Work to complete
Leave the pictures in the listing below aside and reproduce exactly the lines starting with the one with "Human Made – Service and Supply T-Shirt" and going on through the one with "1959 Mt. Perkins, AZ", both ends included.

-- Extracted material follows --

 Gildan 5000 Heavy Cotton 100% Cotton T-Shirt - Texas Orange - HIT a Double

-- Extracted material concluded --
-- Extracted material follows --

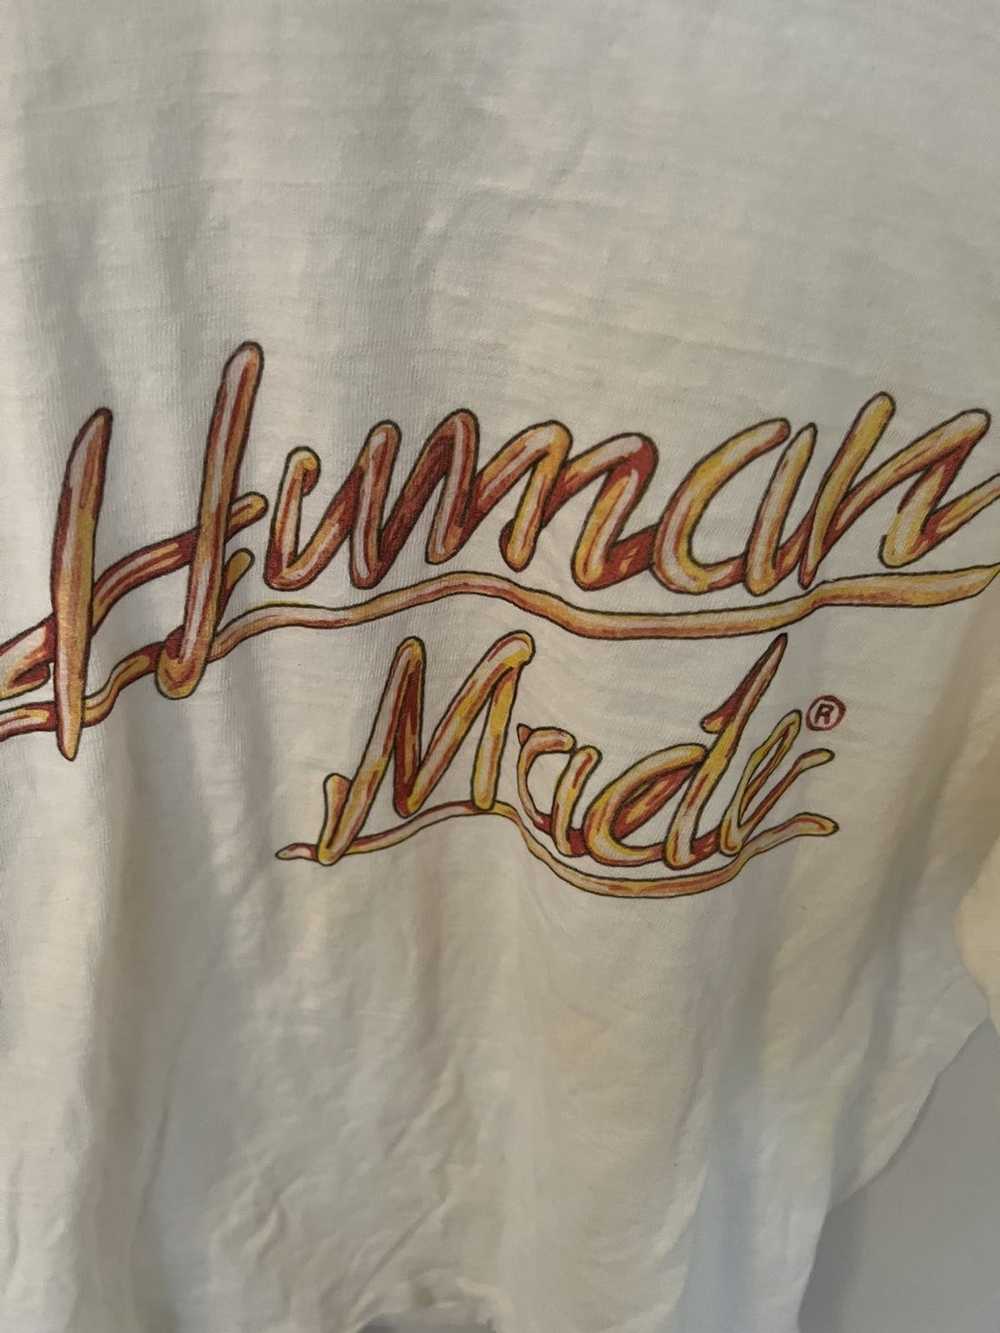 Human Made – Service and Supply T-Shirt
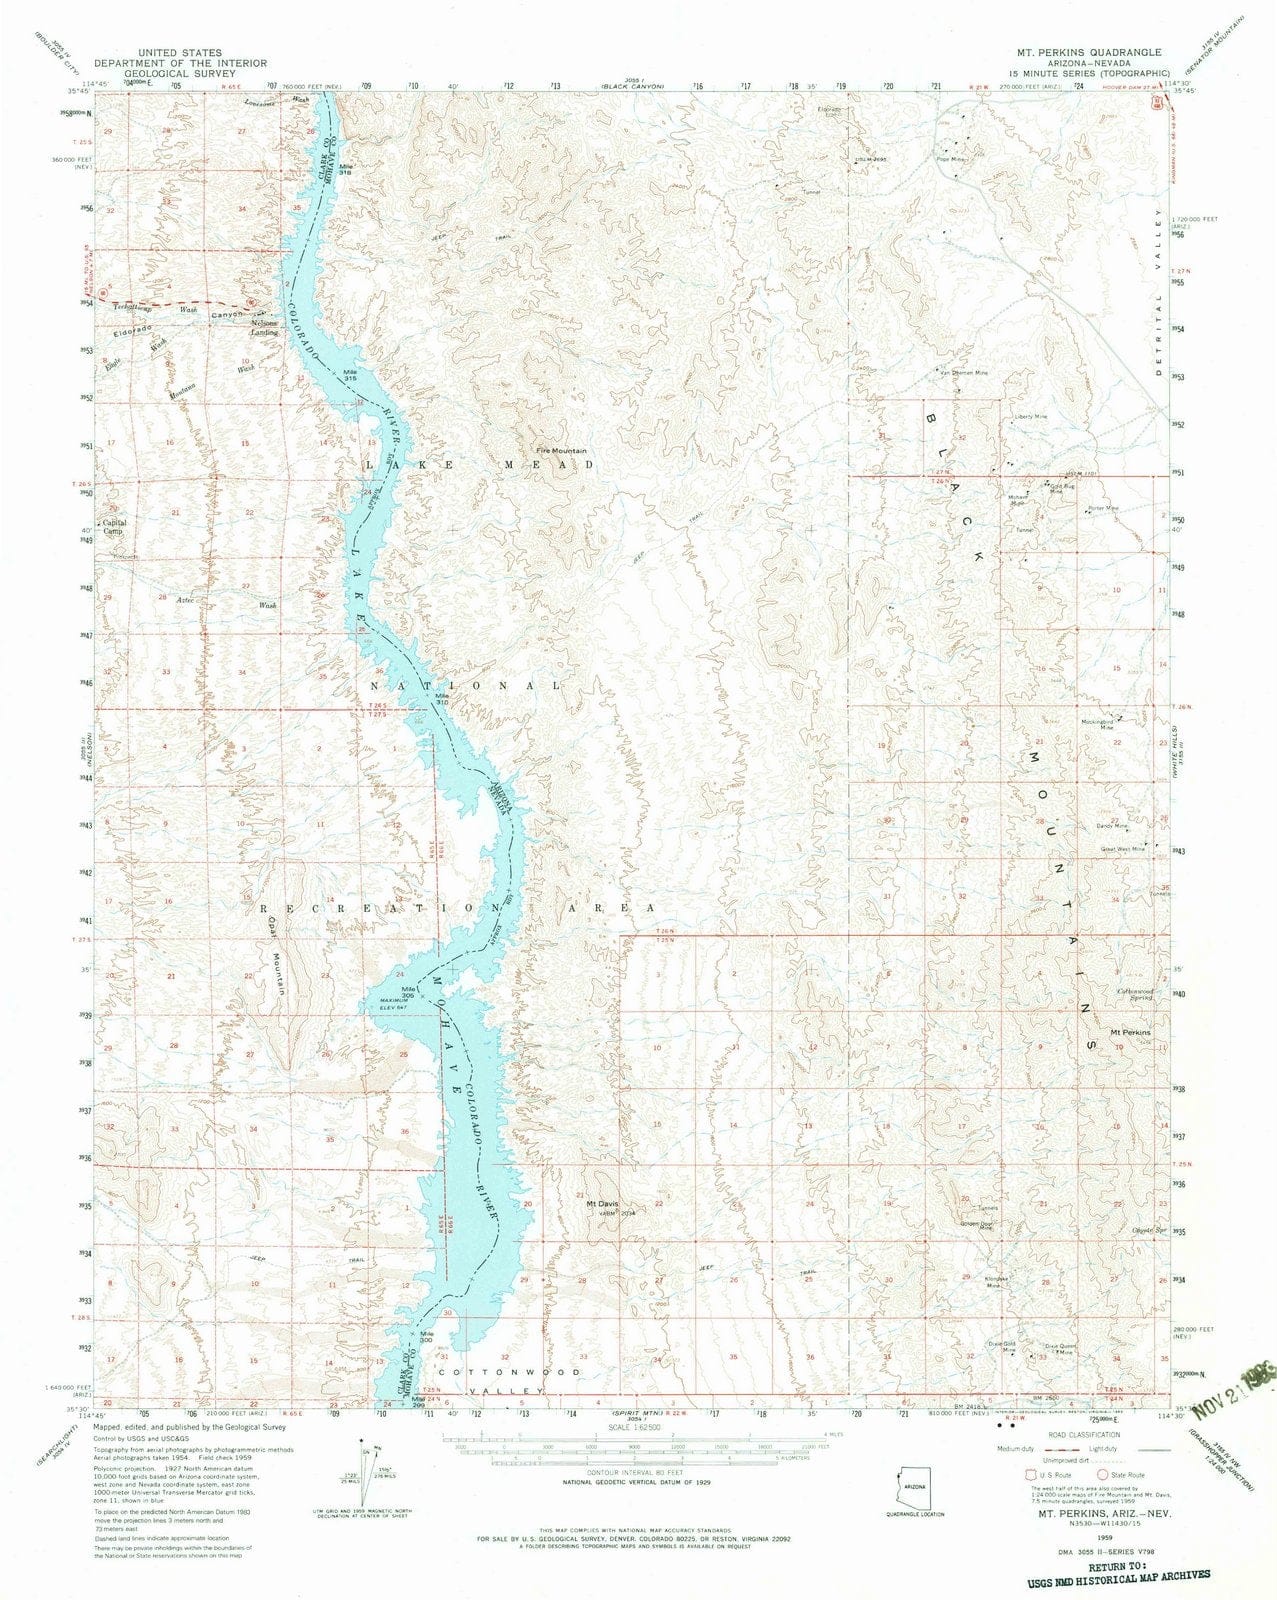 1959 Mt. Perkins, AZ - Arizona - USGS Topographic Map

-- Extracted material concluded --
-- Extracted material follows --

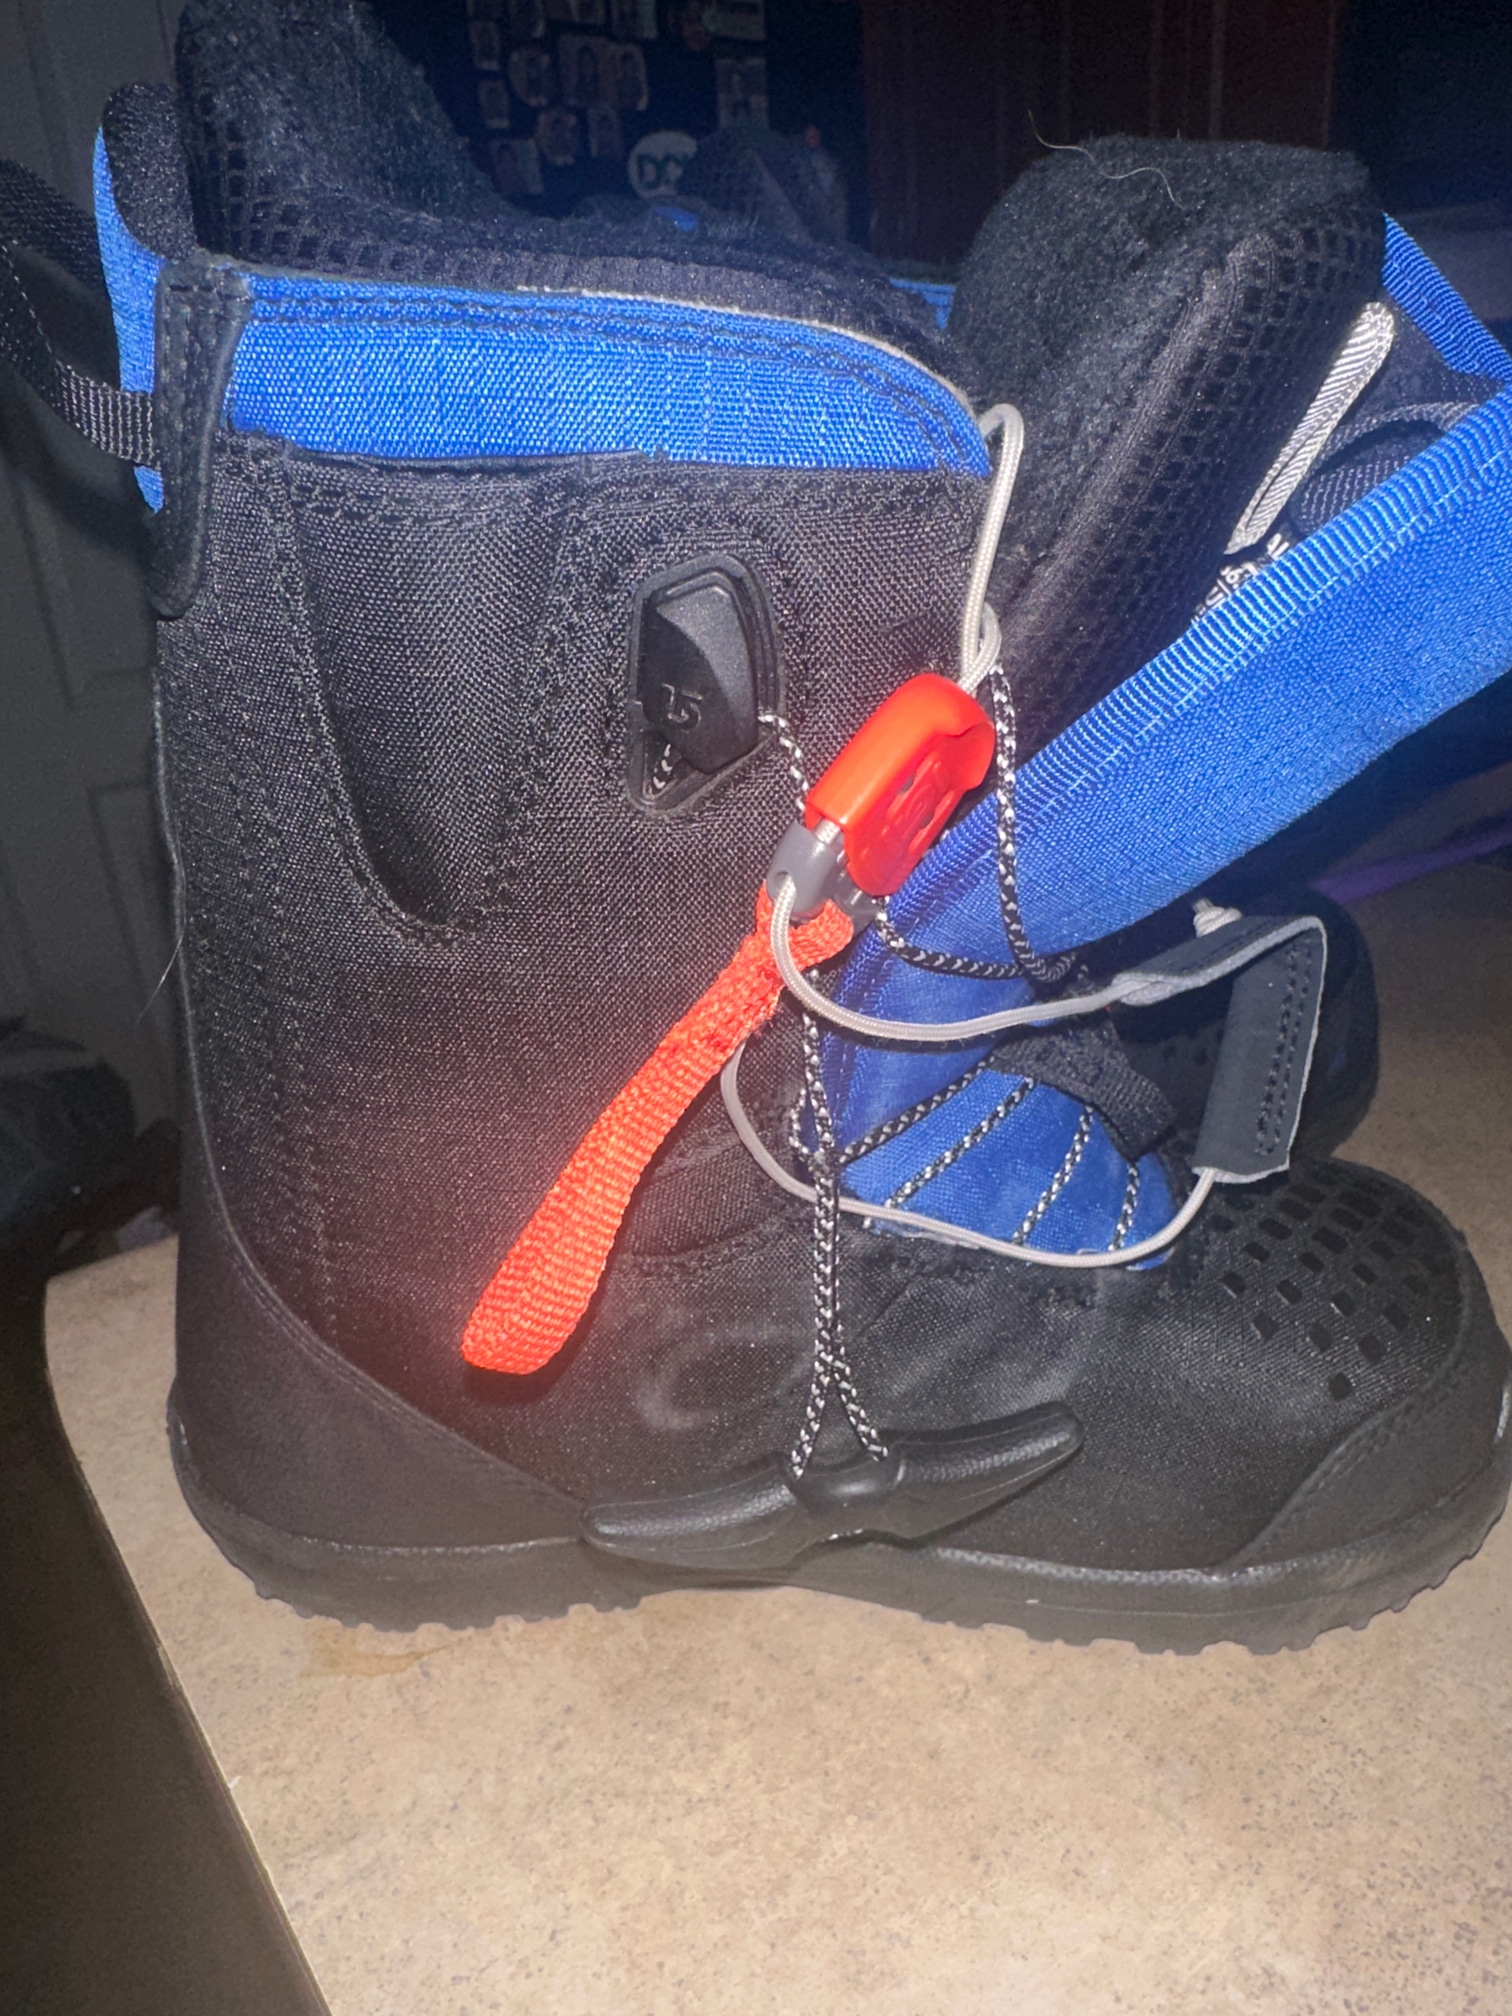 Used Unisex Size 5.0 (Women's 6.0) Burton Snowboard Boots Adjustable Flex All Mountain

-- Extracted material concluded --

Response area
 Human Made – Service and Supply T-Shirt
 1959 Mt. Perkins, AZ - Arizona - USGS Topographic Map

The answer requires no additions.